Figure 5-24 Brokering Group Configuration
The Brokering Group configuration image provides information about how the Identity Provider Brokering group is configured with Service Provider Brokering Group.
Identify the Company and Partners’ Identity Providers.
Company 1 Brokering Group is configured with their Identity Server.
1a is the partner of Company 1 Brokering Group configured with Service Provider Brokering Group that is Novell Identity Server.
The federation is established between the company and partners’ Identity Provider and the Service Provider Brokering Group that is Novell Identity Server.
Company 1 Brokering Group is configured with their Service Provider Brokering Group that is Novell Identity Server.
2a is the partner of Company 1 Brokering Group configured with Service Provider Brokering Group that is Novell Identity Server.
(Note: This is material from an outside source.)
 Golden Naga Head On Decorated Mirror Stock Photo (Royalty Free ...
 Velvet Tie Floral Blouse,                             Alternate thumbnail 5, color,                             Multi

Create a new brokering group.
The Service Provider manages the brokering group based on roles.
Roles based on Identity Provider authentication.
Roles based on Service Provider brokering authentication.
Assign the Identity Providers and Service Providers.
Using Liberty, SAML 1.1, and SAML 2.0 protocols define policies and do the intersite transfer around the Service Provider Brokering feature.
Using the Brokering Service construct URLs.
Construct URL for each Identity Provider and Service Provider pair.
Figure 5-25 Brokering Group Flow
Identity Server is being shared to provide Service Provider brokering to a set of logical customers. Company 1 has one partner. All the trusted providers are configured at one broker Identity Server
User clicks on URL1. The browser send a request to https://idp.customer1.com/nidp/saml2/idpsend?PID=https://brokeridp.verizon.com/nidp/saml2/metadata&ID=partner1-sp-id&TARGET=https://www.partnerapp.partner1.com
Customer Identity Provider prompts the user for credentials if not already logged in. User logs in at Customer-1-IDP. The Identity Provider then performs an inter site transfer to Identity Provider Broker. This involves creating an sp-assertion-consumer-URL request and redirects the user to the following URL which eventually lands at Broker Identity Providers’ Assertion Consumer URL https://brokeridp.abc.com/nidp/saml2/sp_assertion_consumer
POST contents will include SAML Artifact = <artifact> and RelayState=https://brokeridp.abc.com/nidp/saml2/?idpsend=partner1-sp-id&TARGET=https://www.partnerapp.partner1.com
The service provider assertion consumer URL processing includes a hook to enforce broker rules.
From the Artifact, it finds the trusted provider that it is receiving the artifact from origin trusted provider.
If the RelayState contains IDPsend, then it finds the target trusted provider from the RelayState and also finds the target.
Using origin trusted provider, the group to which this brokering request belongs is found and a search is made for the policies representing origin trusted provider, target trusted provider and brokering service provider.
At this time, only role is unknown. A decision can be taken if the brokering is allowed between origin trusted provider and target tested provider for a particular target or not. If it is allowed then it is proceeded to the next step of artifact resolution.
after this request needs further processing of role enforcement which will be known only after an assertion is received from customer identity provider, a flag is set on the Novell identity provider session object. This flag (Broker_role_enforcement) is checked during assertion processing.
Artifact resolution happens at customer identity server.
Artifact resolution response is sent to the broker identity server which contains the assertion.
A new hook is made in the assertion processing.
If Broker_role_enforcement flag is set on the session, then Roles are identified for this userBroker rules are again enforced for the Roles.
If the brokering is not allowed for the Role an error message is displayed at the browser. Otherwise the browser is redirected back to the Broker Identity Server (to itself) with the following URL https://brokeridp.verizon.com/nidp/saml2/?idpsend=partner1-sp-id&TARGET=https://www.partnerapp.partner1.com
Intersite transfer is now made to the DSP with the following URL https://partner.idp.com/nidp/saml2/spassertion_consumer
The POST message contains SAML Artifact and RelayState (which contains the target URL).
The partner service provider verifies the artifact over SOAP back channel with broker identity servers.
Broker Identity Servers resolves the artifact and sends the assertion.
Partner Service Providers redirects the browser to the target URL (https://www.partnerapp.partner1.com). It sets its cookie on the browser during the redirection. At this time the user has a valid authenticated session on Partner Service Provider.
The Partnerapp.partner1.com validates the session and provides access to the user.